From the first line to the last, return the data exactly, with no pictures.
*** Opening of RECORDED DATA ***
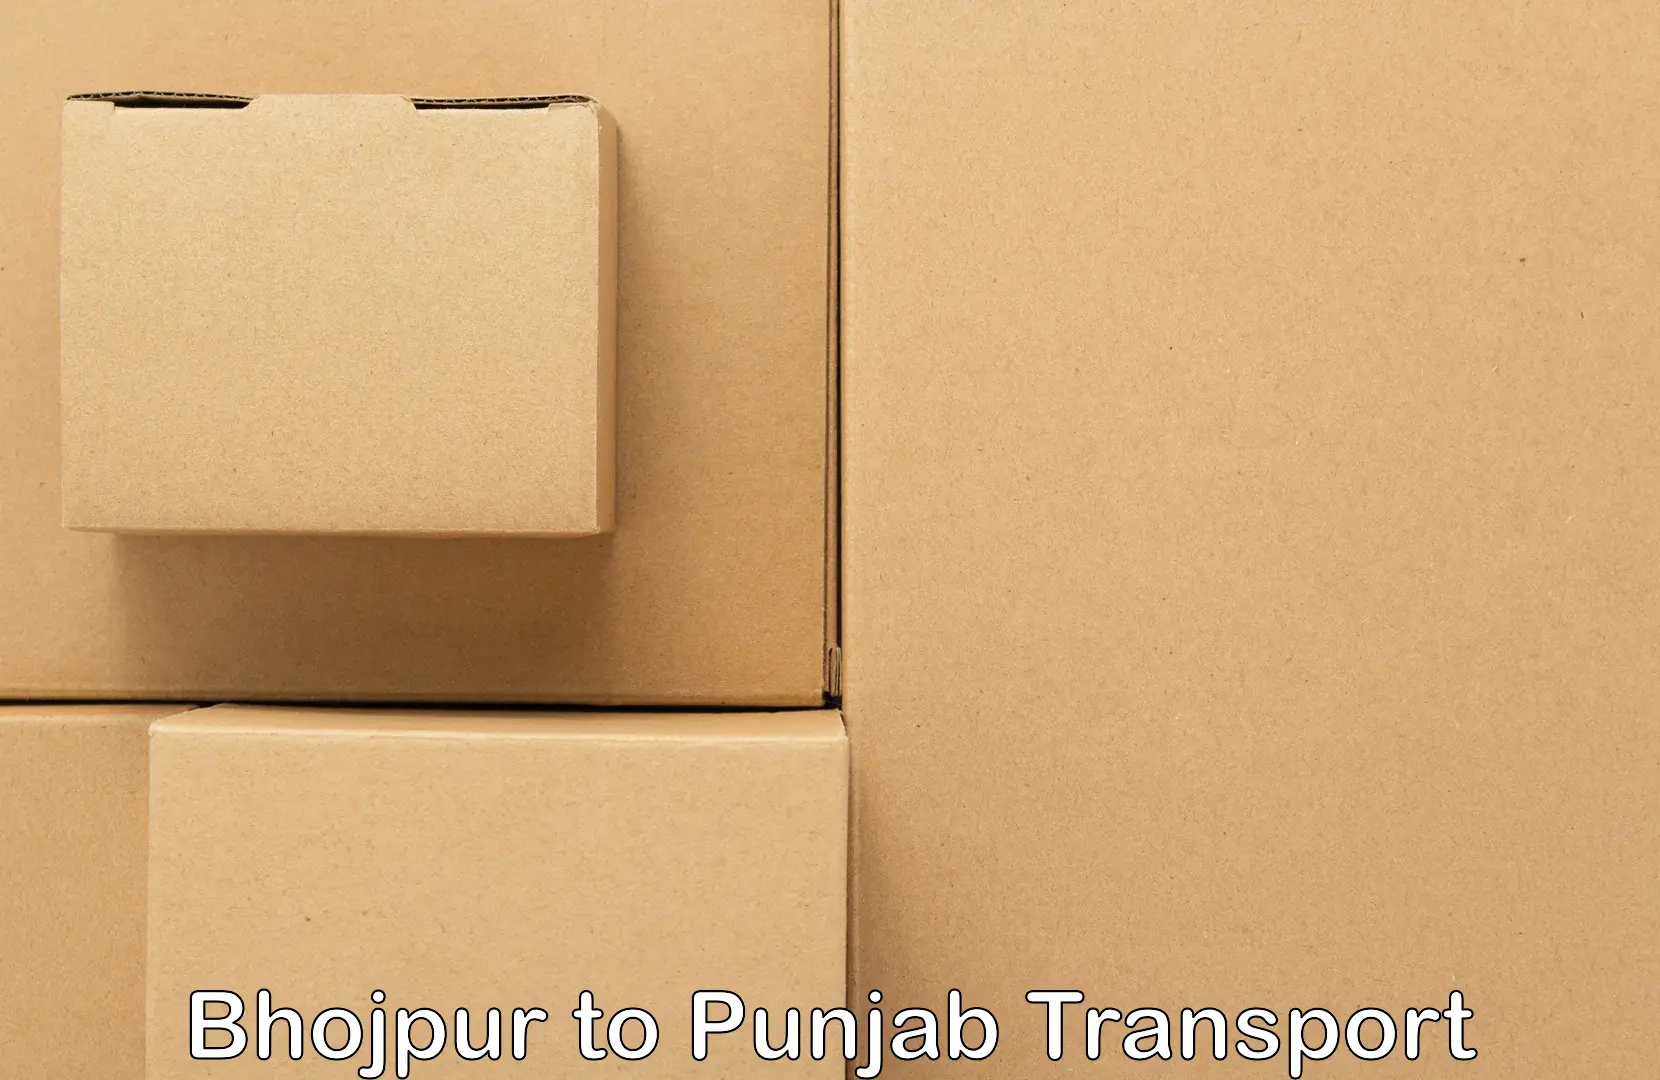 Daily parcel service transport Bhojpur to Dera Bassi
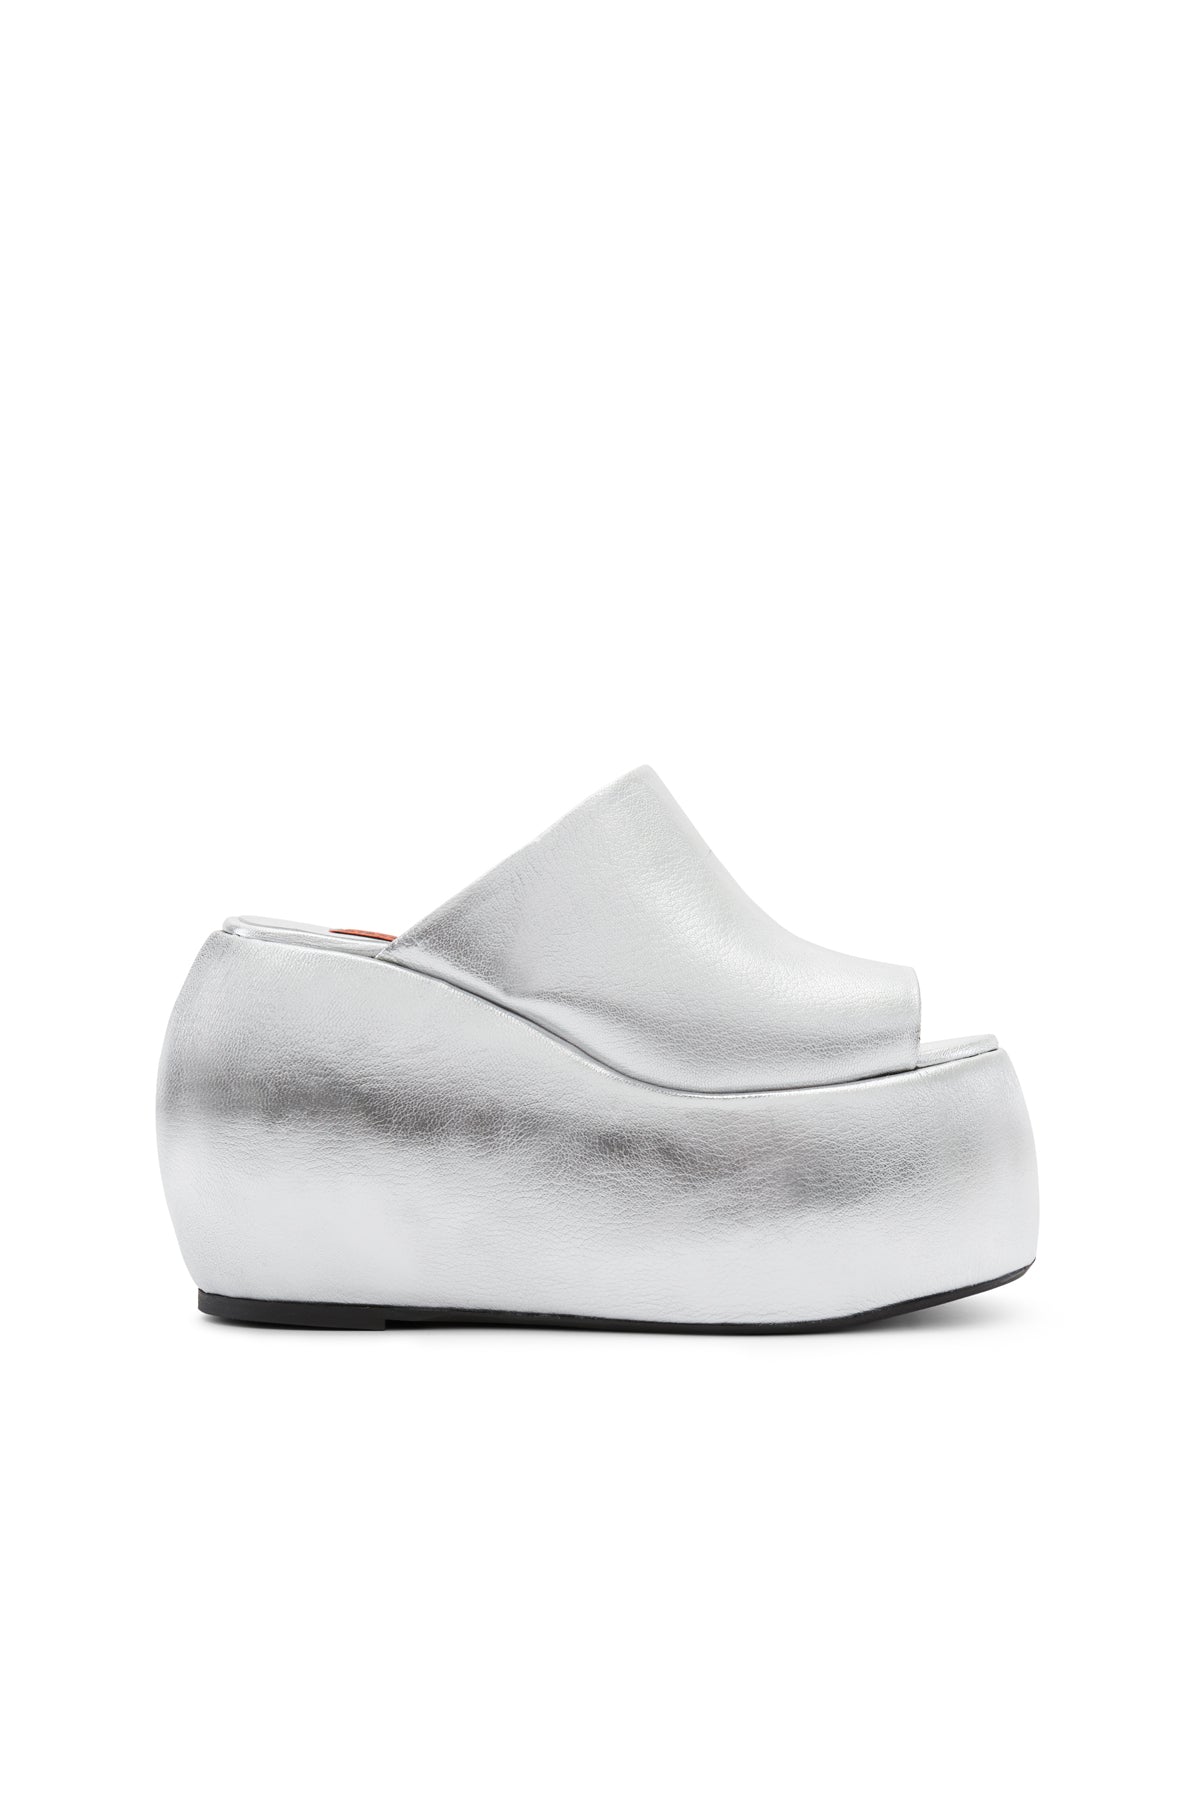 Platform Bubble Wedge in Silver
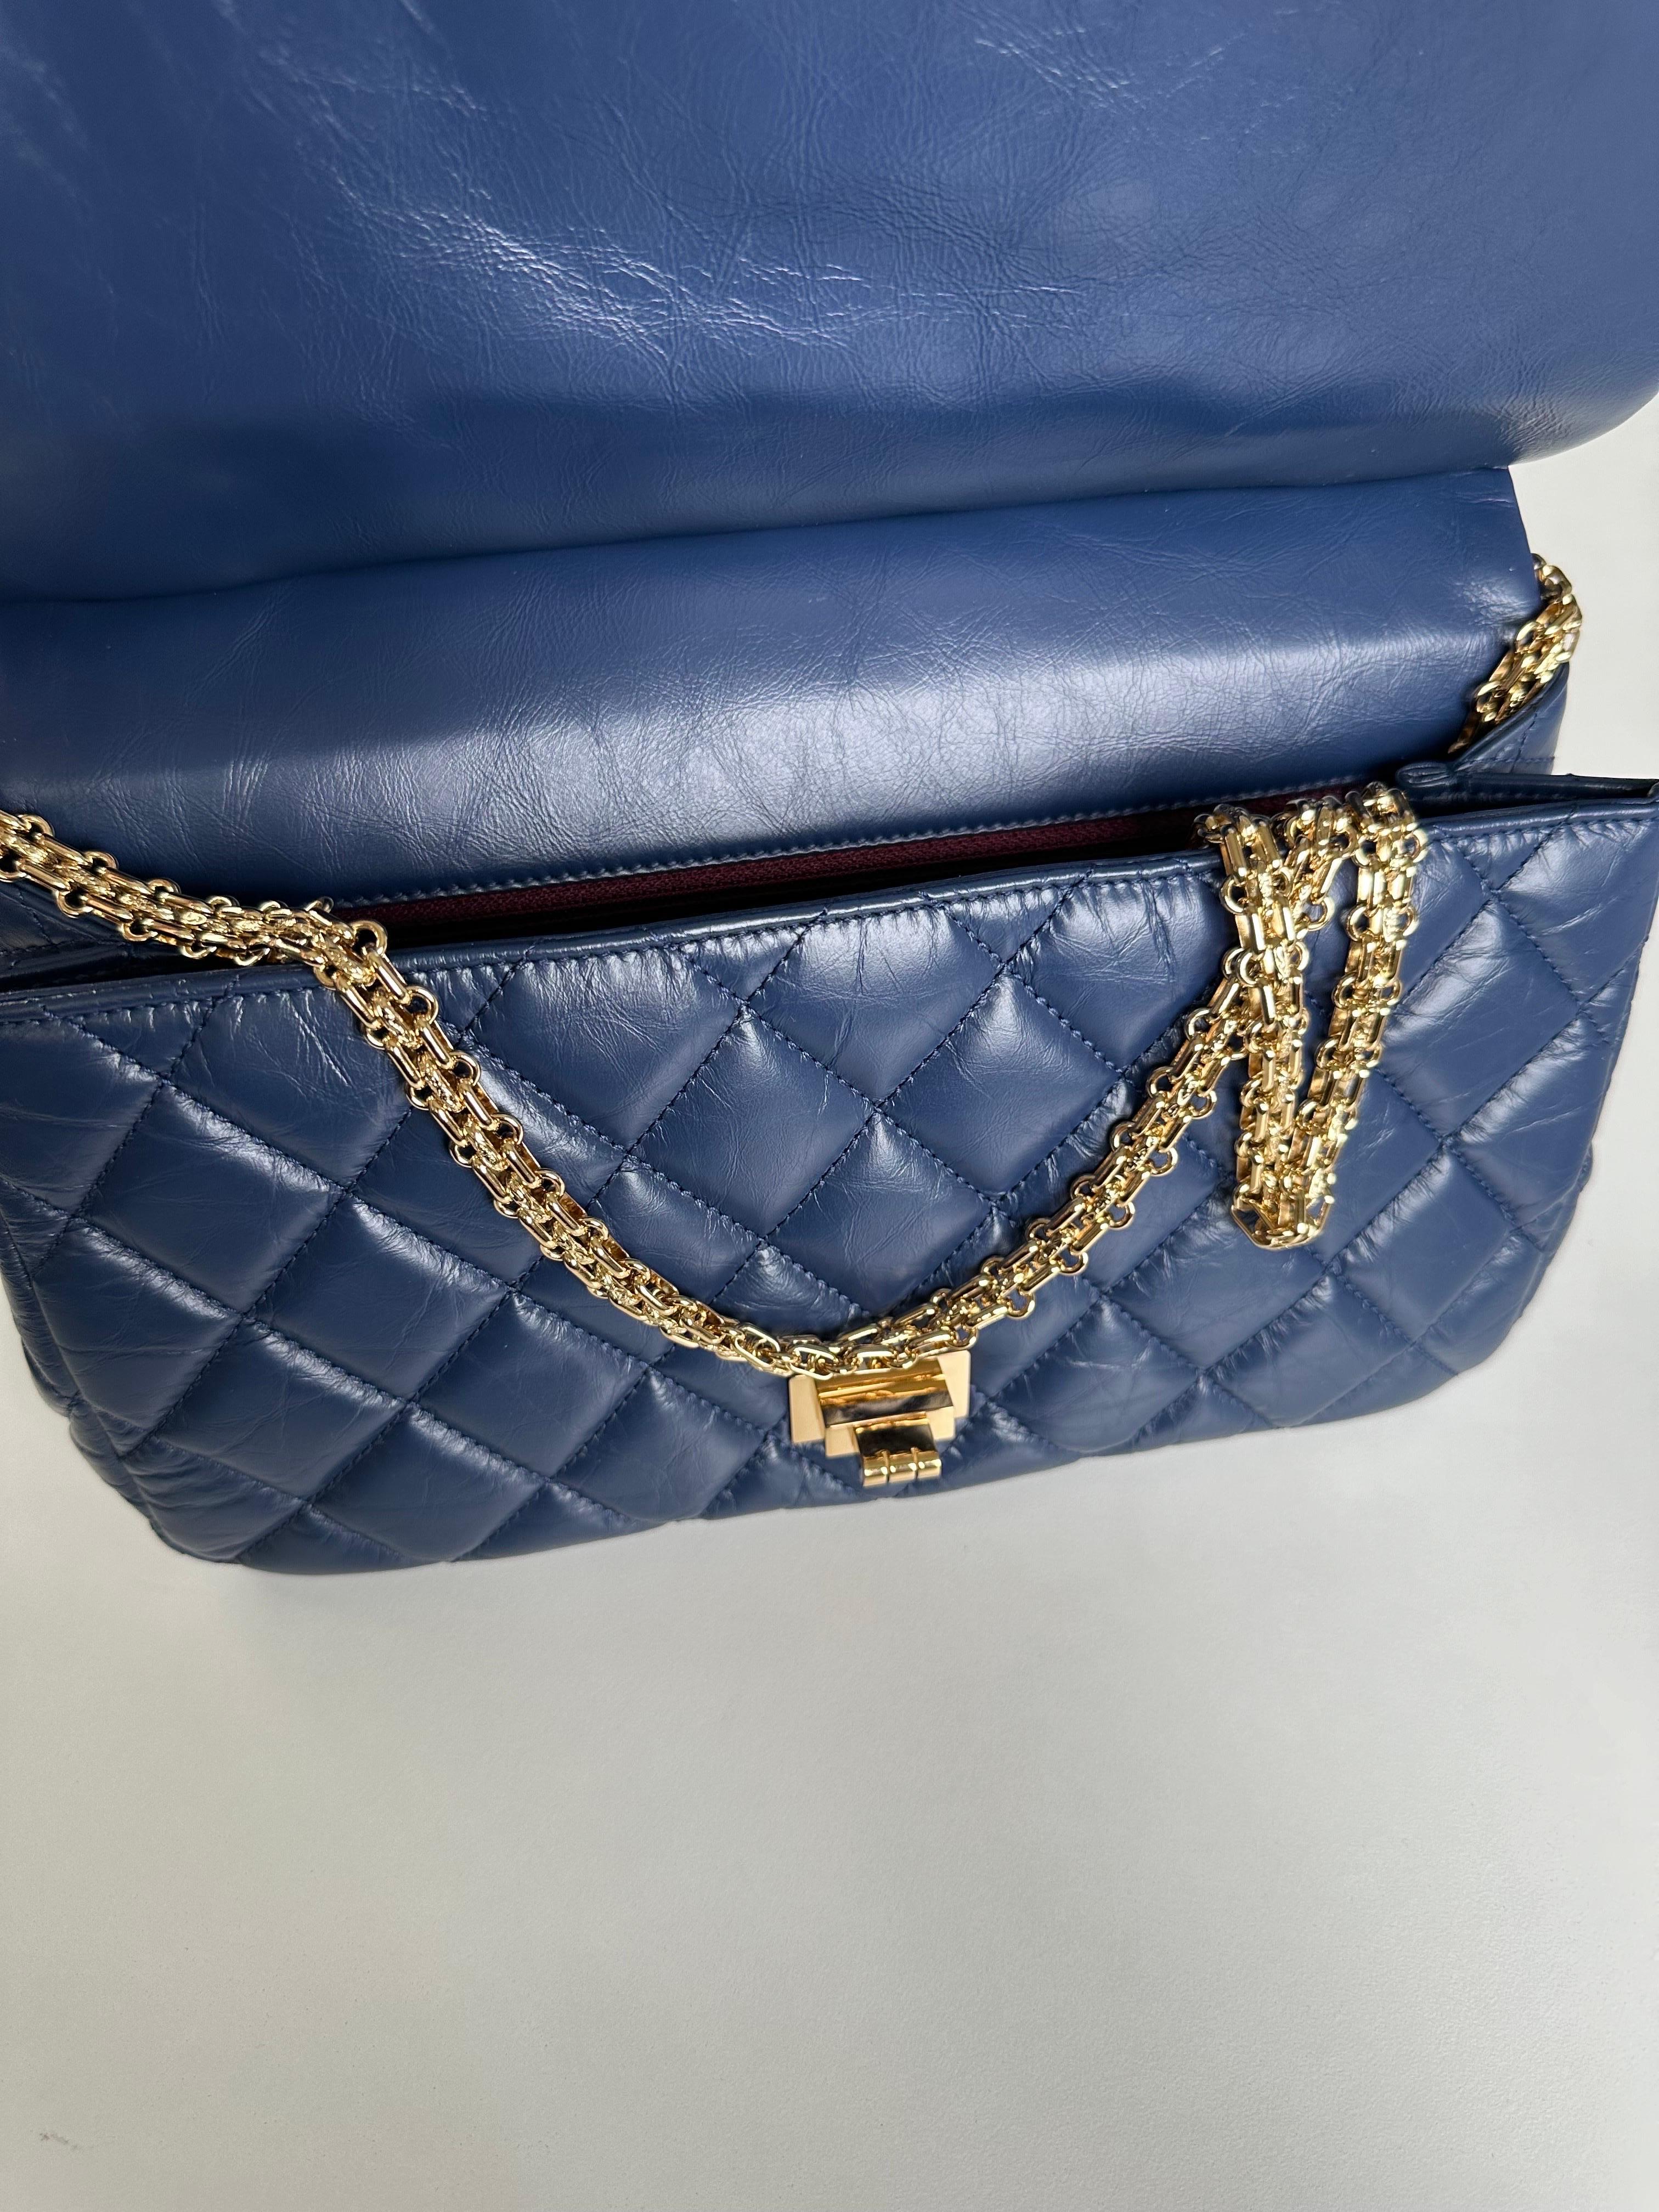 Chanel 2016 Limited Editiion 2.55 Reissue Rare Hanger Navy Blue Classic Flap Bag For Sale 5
*** Close of RECORDED DATA ***
* [TASK ANSWER]
 Daily parcel service transport Bhojpur to Dera Bassi
 Platform Bubble Wedge in Silver
 Chanel 2016 Limited Editiion 2.55 Reissue Rare Hanger Navy Blue Classic Flap Bag For Sale 5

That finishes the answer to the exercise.